Assume that this is not the case, i.e., there is a cycle-class, say of size m, such that the weight $p-\frac{n-p}{m-1}$ of its repeating vertices is larger than $p-1$. Since all parameters are integers, this equivalently means

$$m-1\ge n-p+1 .$$

Moreover, since we already have a coloring with $n-\lceil \frac{n}{p-1}\rceil$ colors, for a better lower bound, it is also necessary that the number $m-1$ of lost colors be strictly smaller than $\lceil \frac{n}{p-1}\rceil$. However, we would then have

$$n-p+2\le \lceil \frac{n}{p-1}\rceil \le \frac{n}{p-1}+\frac{p-2}{p-1} ,$$

$$n·\left(1-\frac{1}{p-1}\right)\le (p-2)·\left(1+\frac{1}{p-1}\right) ,$$

$$n\le p ,$$

which is impossible because we have $n\ge 2p-1$. This contradiction completes the proof for $q\ge 3$.

4.2. The Sieve Number and a Coloring Algorithm

As introduced in [16], in a mixed hypergraph $\mathcal{H}$, a subfamily $\Sigma \subseteq \mathcal{C}$ of C-edges is a sieve if for every pair of vertices $x,y\in X$ and every pair of different C-edges $C,C^{\prime }\in \Sigma$ the following implication holds:

$$\{x,y\}\in C\cap C^{\prime }\Rightarrow \{x,y\}\in \mathcal{D}.$$

The maximum cardinality of a sieve in $\mathcal{H}$ is the sieve-number, denoted by $s\left(\mathcal{H}\right)$.

Algorithm 1 below will properly color the vertices of $\mathcal{H}=(X,{\mathcal{C}}_p,{\mathcal{D}}_q)$, with $n>p$ and $p,q\ge 3$, provided that $(p,q)\ne (3,3)$.

The main idea of the algorithm is to construct a maximum sieve $\Sigma$ and then color the vertices to satisfy all coloring constraints.

In general circular mixed hypergraphs, the intersection of two different C-edges of a sieve can only be empty, a common vertex, or two common vertices forming a D-edge.
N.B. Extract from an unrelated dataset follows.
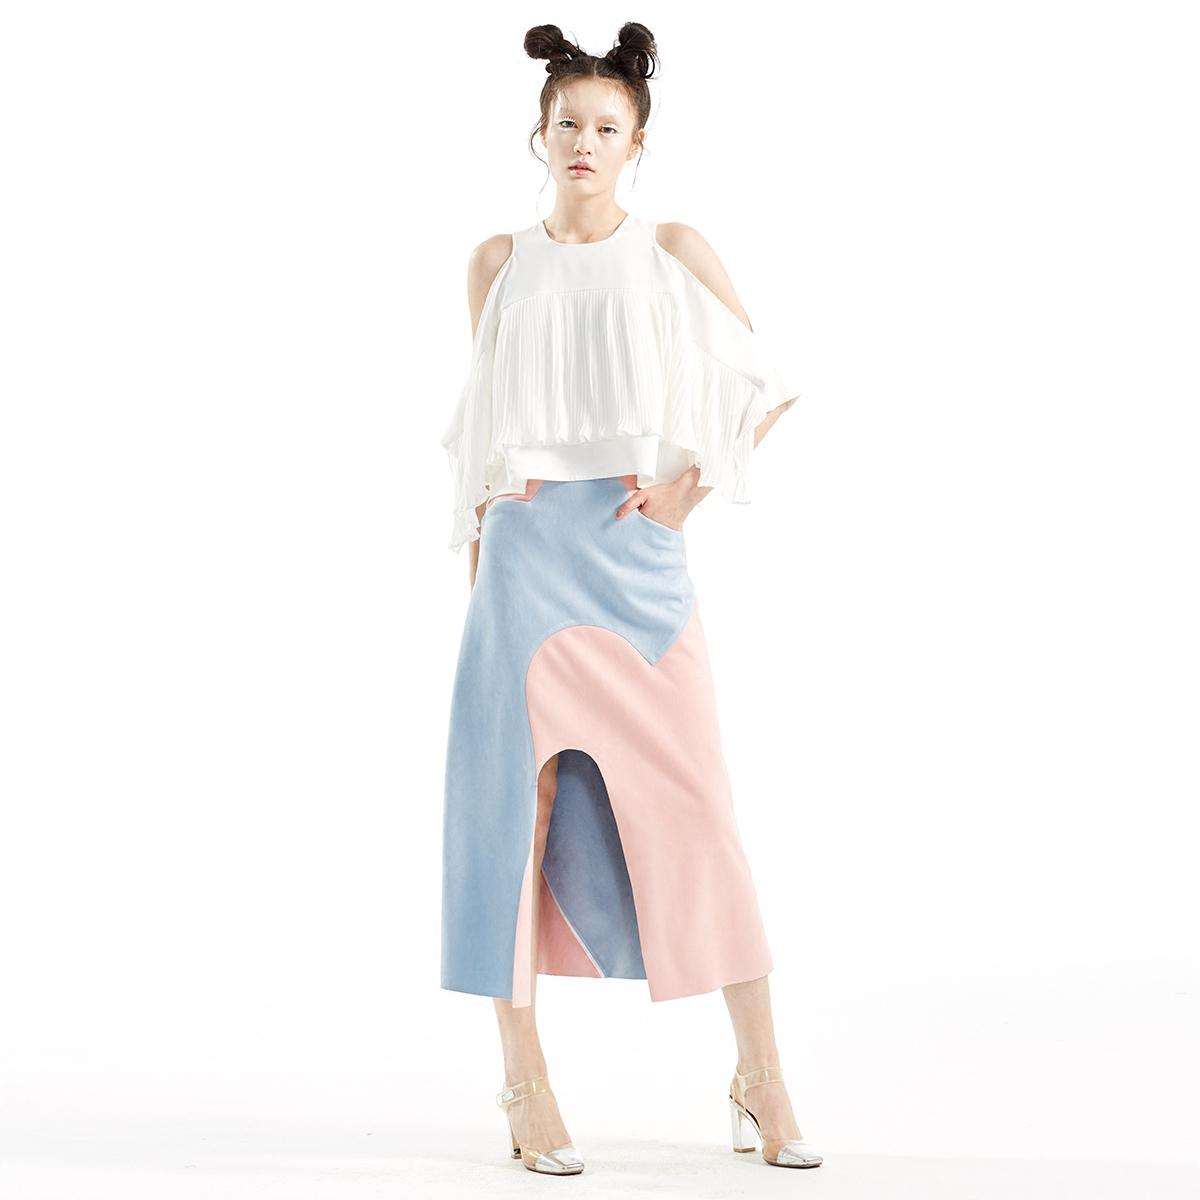 SUNGDO GIN春夏白日梦系列粉蓝拼高能撞色高腰心形分割长裙半裙

Let us call the intersection of two arbitrary C-edges good if and only if this intersection is empty, or a single vertex, or two vertices forming a D-edge. Otherwise, the intersection of two arbitrary C-edges is bad. Due to our particular family of hypergraphs, namely with $q\ge 3$, D-edges of size 2 do not occur; hence, we will always have a good nonempty intersection with a single vertex.

Algorithm 1. (Modified Algorithm from [15]).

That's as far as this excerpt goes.